Research, Education & Awareness Campaign Targeting Minority Groups 2017

Operationalizing urban metabolism in cities while promoting inclusion

“ ...because no one should be left behind”


 


The Metabolism of Cities (MOC) is an open source platform established in 2014 designed to provide professionals and non professionals with urban metabolism data, publications, tools and visualizations on resource consumption in cities. Its goal is to provide engaged cities and citizens with the necessary tools and technology to affect the resiliency and sustainability of their cities and settlements in a positive way. The MOC is run by a group of enthusiastic volunteers from Italy, Cape Town, South Africa, Belgium, Norway and Switzerland. As a part of the Third Edition of the Metabolism of Cities, Stakeholder Initiative our team is collaborating with the Politecnico di Milano (POLIMI) in Milan, Italy. Towards a global initiative to develop inclusion targeting minority groups and engaging the youth. The campaign is titled the Urban Metabolism and Minority Pulse: An education and awareness campaign targeting minority groups with an emphasis on the awareness of resource consumption and education for sustainable development in cities targeting minority groups as an initiative to tackle and localized the United Nations Sustainable Development Goals by 2030 to incorporate climate change and urban metabolism education, awareness and research among minority members of society targeting: disabled, children, elderly, students, refugees, LGTBI and women. We strongly believe that this campaign will benefit not just minority groups themselves but ultimately society as a whole promoting inclusion of minorities in sustainable developments (UN, 2015).

 

There is a need to characterize, forecast and transform the current linear paradigm of urban economies turning natural resources to waste. In fact, due to high levels of urban resource consumption, cities are vulnerable due to their dependency on a global hinterland for natural resources and pollution assimilation. The evaluation of the metabolic balance of cities is an important aspect to identify the nexus between environmental degradation on the one hand, and socio-economic behaviors of citizens and urban form on the other. As cities continue to grow both in territorial and economic aspects, their vulnerabilities also increase while their resilience decreases leaving minority groups unaware of these environmental changes. The concept of urban metabolism (UM) is the study of flows entering and exiting urban areas. The urban metabolism approach can help to address these major challenges in cities targeting different minority groups and better understanding these complex interconnections between an urban area, its economy, quality of life, its resource requirements and pollution impact.

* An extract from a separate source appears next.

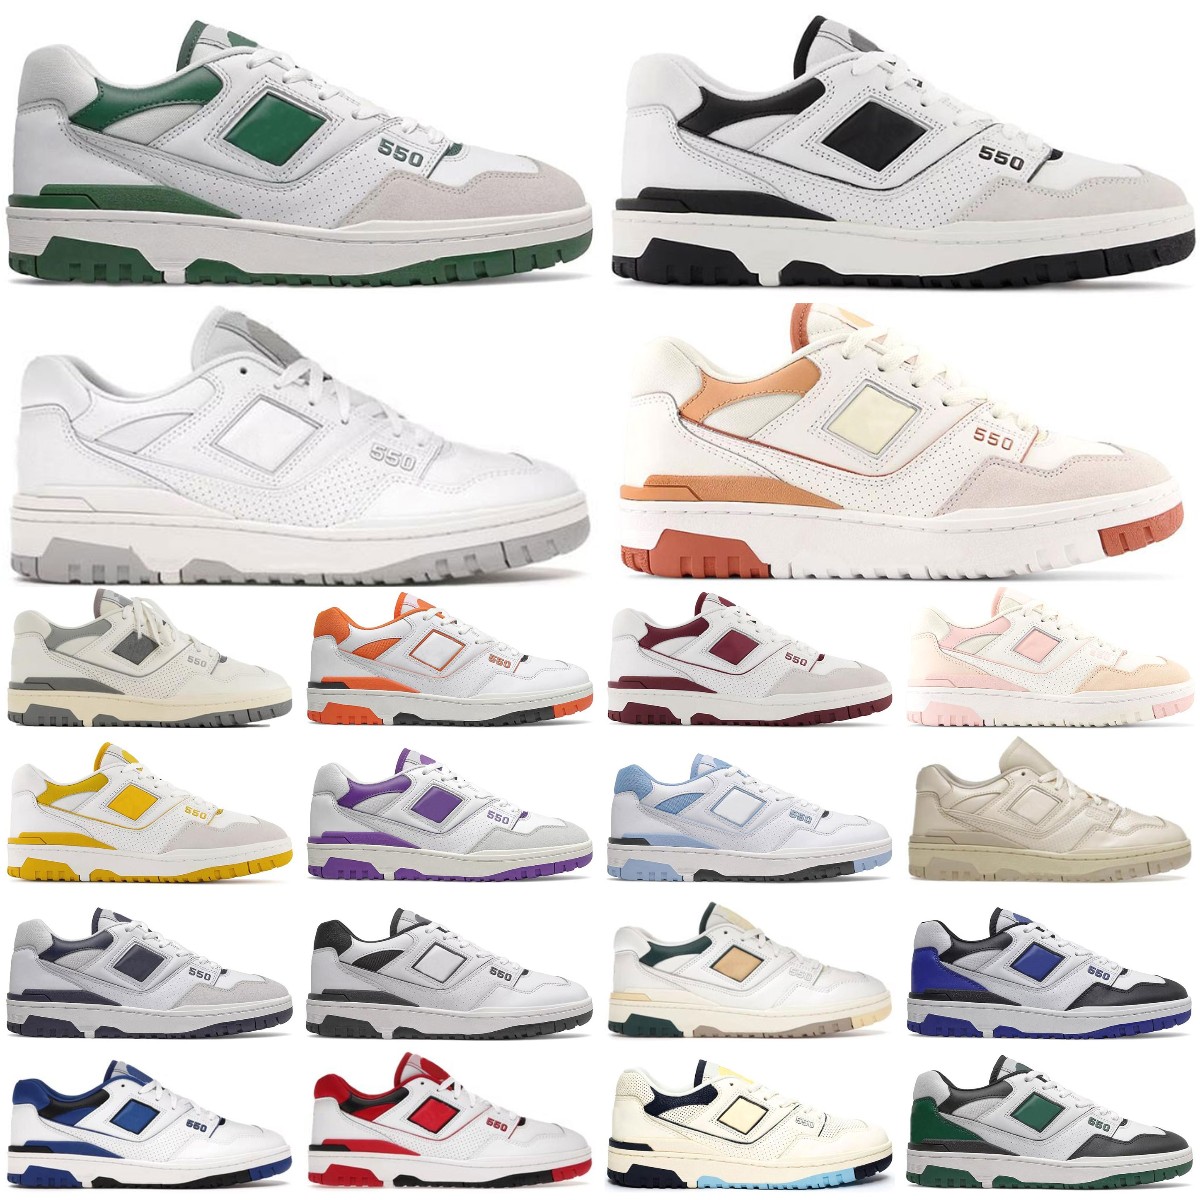 

NEW 550 550S casual shoes Cream Navy Blue White Green Shadow Sea Salt Varsity Gold UNC Syracuse Men Women N550 b550 BB550 outdoor Sports Trainers Sneakers, Box

Urban Metabolism Research, Education & Awareness Campaign Targeting Minority Groups

In the past, most national boundaries reflected linguistic, religion and ethnic homogeneity. Until the late 20th century, diversity was considered a liability, not a strength. Today, more than ever society is considered a melting pot with a diverse set of individuals characterized by their ethnic, racial uniformity, set of values, language, residence and culture. The Sustainable Development Goals (SDGs) can potentially be utilized as a common language among minority groups to identify the 17 social, environmental and economical factors (169 targets) that cover a broad range of sustainable development issues. Our goal is to educate the diversity of underprivileged minority groups on climate change towards a common language that can be easily interpretative and replicated across borders. A language that comes in all types of shapes and sizes to educate the diversity of minority groups on climate change using SDGs as a common platform tool that everyone can understand regardless of their background and gender. Unfortunately, the less privilege groups are the most effected minority groups. In our research we aim to develop awareness, education and research concerning disabled, children, elderly, students, professionals, refugees (homeless), LGTBI and women.

 

The urban metabolism educational campaign platform features a replicability toolkit and methodology structured to facilitate awareness on resource management, community engagement, city planning and environmental design targeting the unheard minority voices of society to provide knowledge exchange between municipal governments, educational institutions, and community based organizations. Our goal is to create a cross city analysis to identify best practices globally that can empower all citizens from different language paths worldwide to create sustainable changes in their urban environment.

 

The proposed initiative will interview multiple target groups according to their age, gender, city, and country of province, from academia, public and private professionals, children and citizens in the City of Milan, Italy. The project aim to map and assess the participants’ knowledge of urban metabolism and material flow concerns in cities, sustainable initiatives currently taking place in their hometown, and methods and solutions to manage urban resource inefficiencies.

 

Expected research outcomes of the analysis will be delivered as an urban metabolism educational and awareness video format targeting different groups and will be presented in a seminar that will be held on July 2017 at Politecnico di Milano, Milan, Italy.

 

Target groups

  1. Disabled campaign (visually impaired, blind)
  2. Children and education campaign
  3. Elderly campaign
  4. Students and Professionals campaign
  5. Women campaign (domestic violence, migrants, non access to education)
  6. Refugee campaign (homeless)
  7. LGBTI campaign


  • According to the World Bank 15% of the world’s population, (one billion) experience some form of disability (vision impairment, deaf or hard hearing, mental health conditions, intellectual disability, acquired brain injury, autism spectrum disorder and physical disability).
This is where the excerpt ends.